Different people have different ways of thinking. What goes on in your head while learning or playing chess isn't guaranteed to be the same as when someone else is doing it. And I think that's partly why some people seem to improve preposterously fast, and some don't really improve at all. The natural way they think is either really good or bad for chess.

So to answer your question, I say it's unordinary because I think most people would move past 600 even though they don't do any studying (books, videos, tactics, etc) simply by playing a lot. That doesn't mean you can't improve, but I do think it means an advice giver should stop and think about what may or may not be useful for you.
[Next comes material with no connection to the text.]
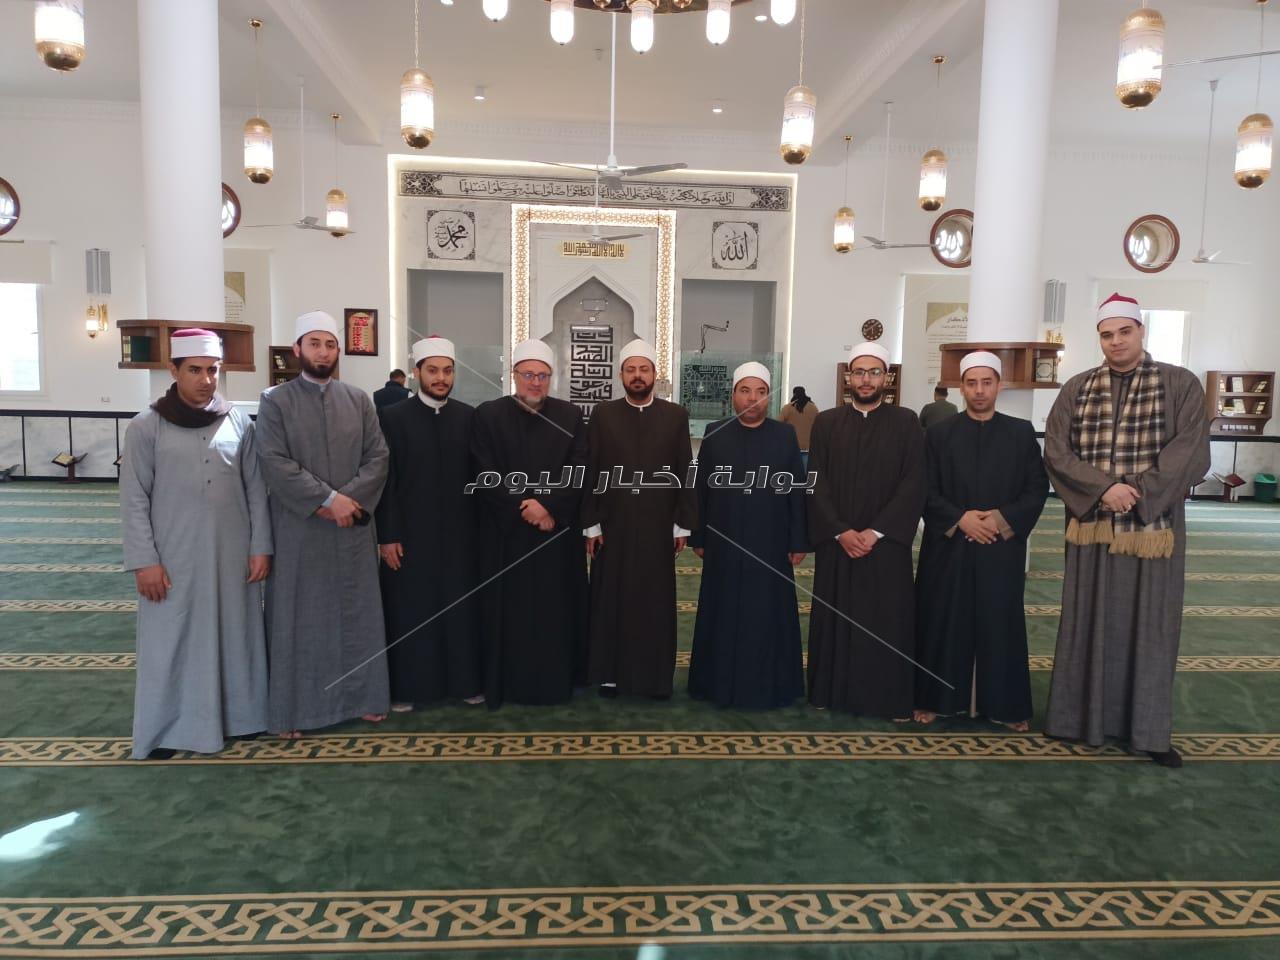 افتتاح مسجد بلال بن رباح بمطروح بعد تطويره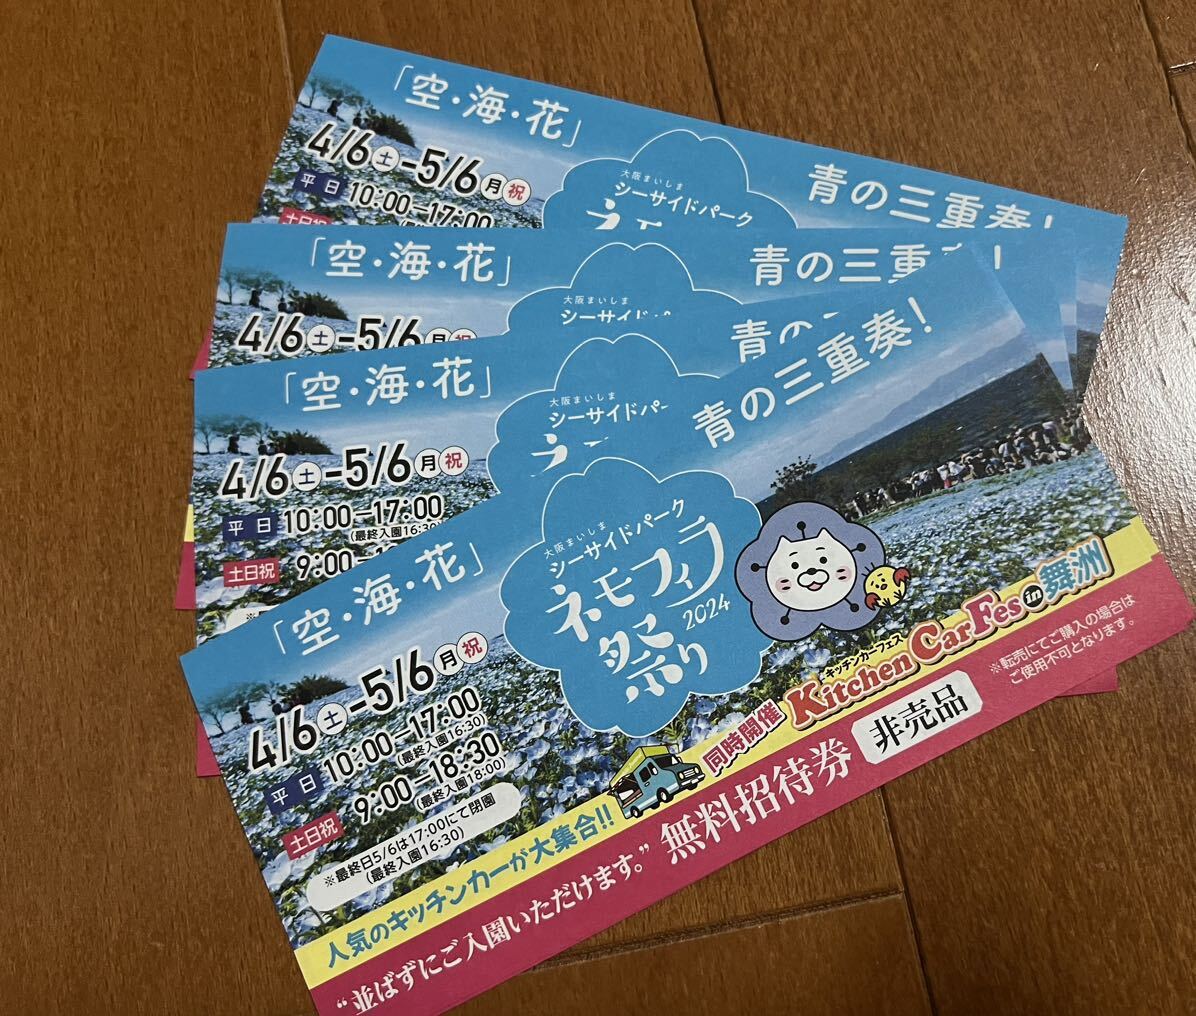  Osaka Mai . nemophila festival free invitation ticket 4 sheets

I think tactics will be very useful to you! But maybe not at this exact moment. We all started out in chess by doing the things I talked about. Even great players, when they were beginners, were putting all their energy into trying to see if their move was safe to make... and they often failed. Oh darn, that bishop was hiding in the corner and now I lost my queen. But they kept playing and eventually their hard work paid off, and they stopped (99.99% of the time) playing moves that immediately lost a pawn or other piece (at least in long games).